The European Central Bank on Thursday stuck to its earlier announcements to wind down monetary stimulus and charted out a policy normalization plan, which economists said was gradual and hawkish.
The Governing Council, led by ECB President Christine Lagarde, called the Russian invasion of Ukraine “a watershed for Europe” and expressed full support to the people of Ukraine.
The bank said it will ensure smooth liquidity conditions and implement the sanctions decided by the EU and governments.
The ECB policymakers revised the purchase schedule for its asset purchase program, or APP, for the coming months and now sees monthly net purchases to total EUR 40 billion in April, EUR 30 billion in May and EUR 20 billion in June.
In February, the bank had said that the monthly net purchases will be EUR 40 billion in the second quarter and EUR 30 billion in the third quarter.
The bank said on Thursday that if the incoming data support the expectation that the medium-term inflation outlook will not weaken even after the end of asset purchases, the Governing Council will conclude net purchases under the APP in the third quarter.
Earlier, the ECB had said asset purchases will continue at a monthly pace of EUR 20 billion from October.
“If the medium term inflation outlook changes and if financing conditions become inconsistent with further progress towards our two per cent target, we stand ready to revise our schedule for net asset purchases in terms of size and/or duration,” the ECB said.

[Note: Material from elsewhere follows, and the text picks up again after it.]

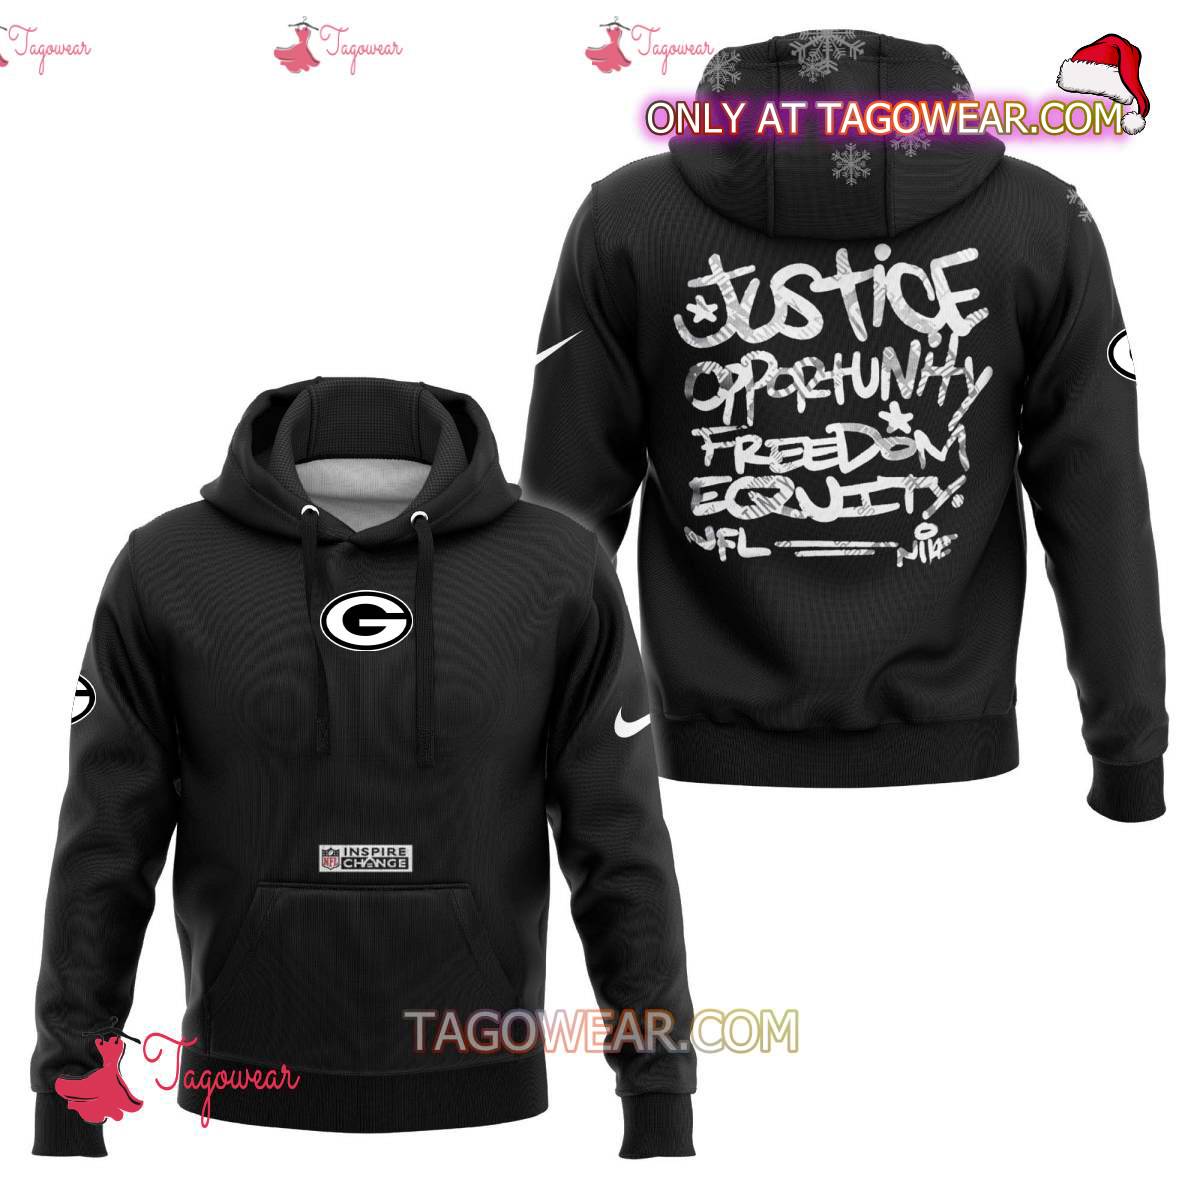 Green Bay Packers NFL Inspire Change Justice Opportunity Equality Freedom Hoodie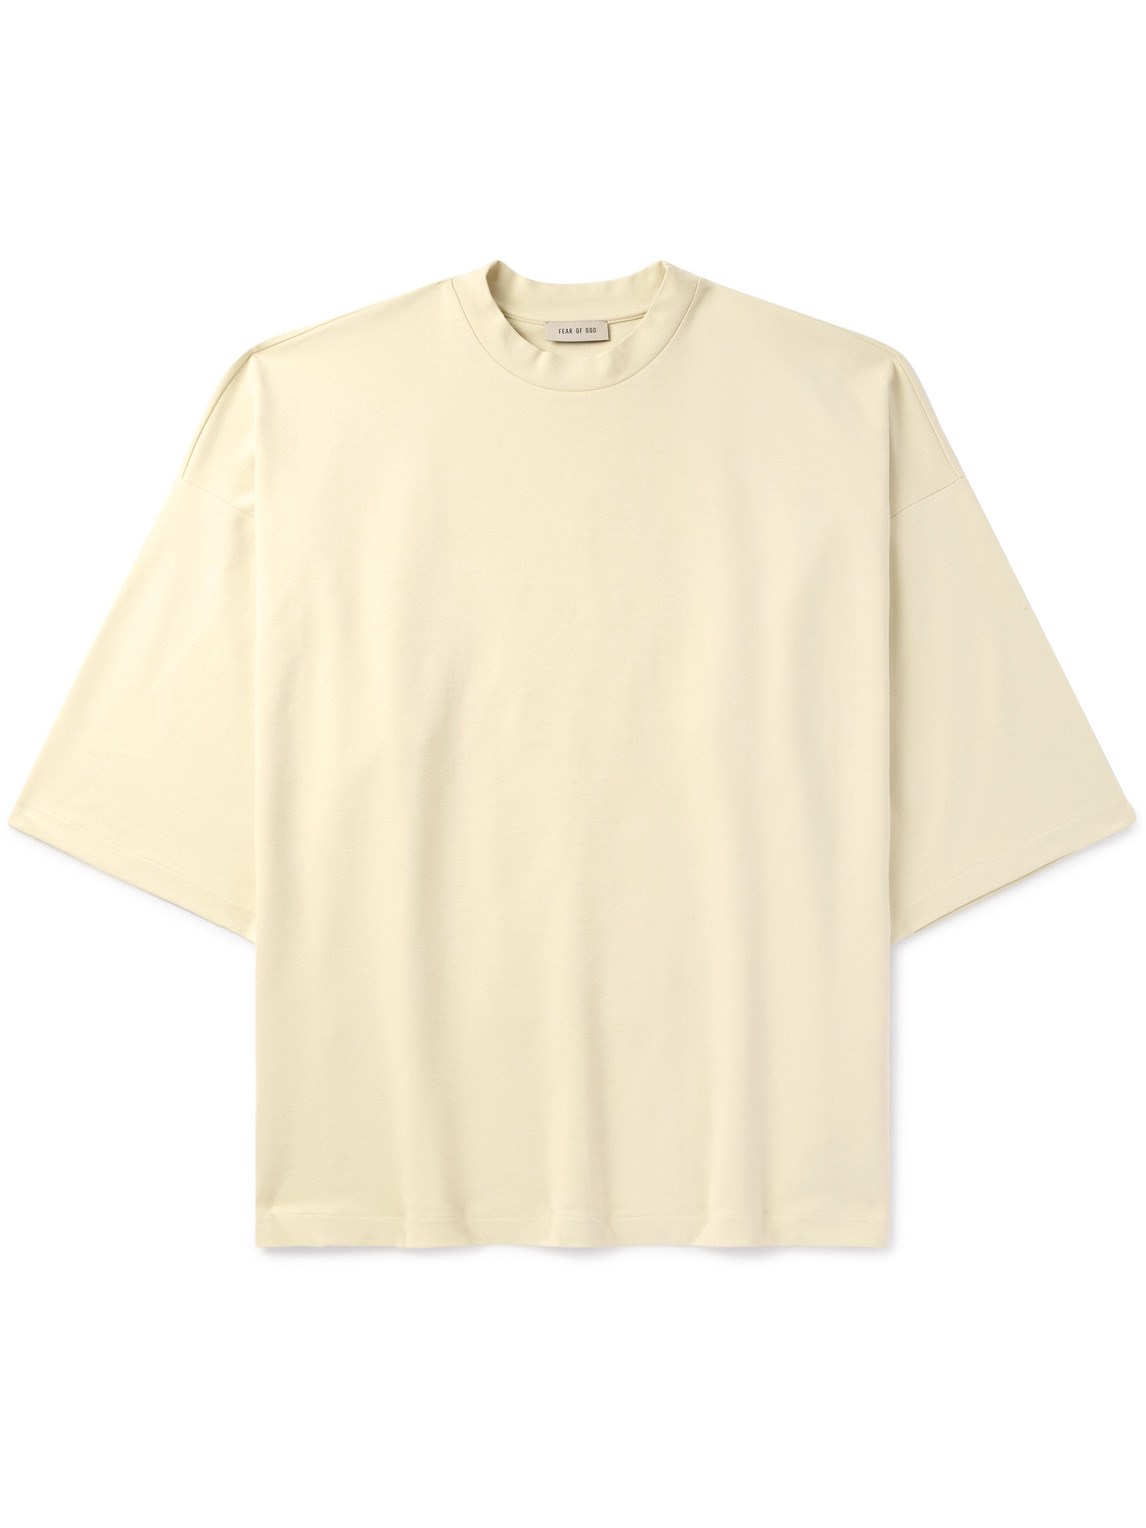 Fear of God - Thunderbird Milano Oversized Embroidered Jersey T-Shirt - Men - Yellow - XL von Fear of God

The bank also reiterated that it intends to continue reinvesting the principal payments from maturing securities purchased under the APP for an extended period of time past the date when it starts raising the key ECB interest rates and for as long as necessary.
The Governing Council left its key interest rates unchanged. The main refinancing rate thus remains at zero, the deposit rate at -0.50 percent and the marginal lending rate at 0.25 percent.
“Any adjustments to the key ECB interest rates will take place some time after the end of the Governing Council’s net purchases under the APP and will be gradual,” the bank said. Earlier, the ECB had said rates will be raised ‘shortly after’ the end of asset purchases.
The bank said it expects “the key ECB interest rates to remain at their present levels until it sees inflation reaching two percent..that realised progress in underlying inflation is sufficiently advanced to be consistent with inflation stabilizing at two per cent over the medium term.”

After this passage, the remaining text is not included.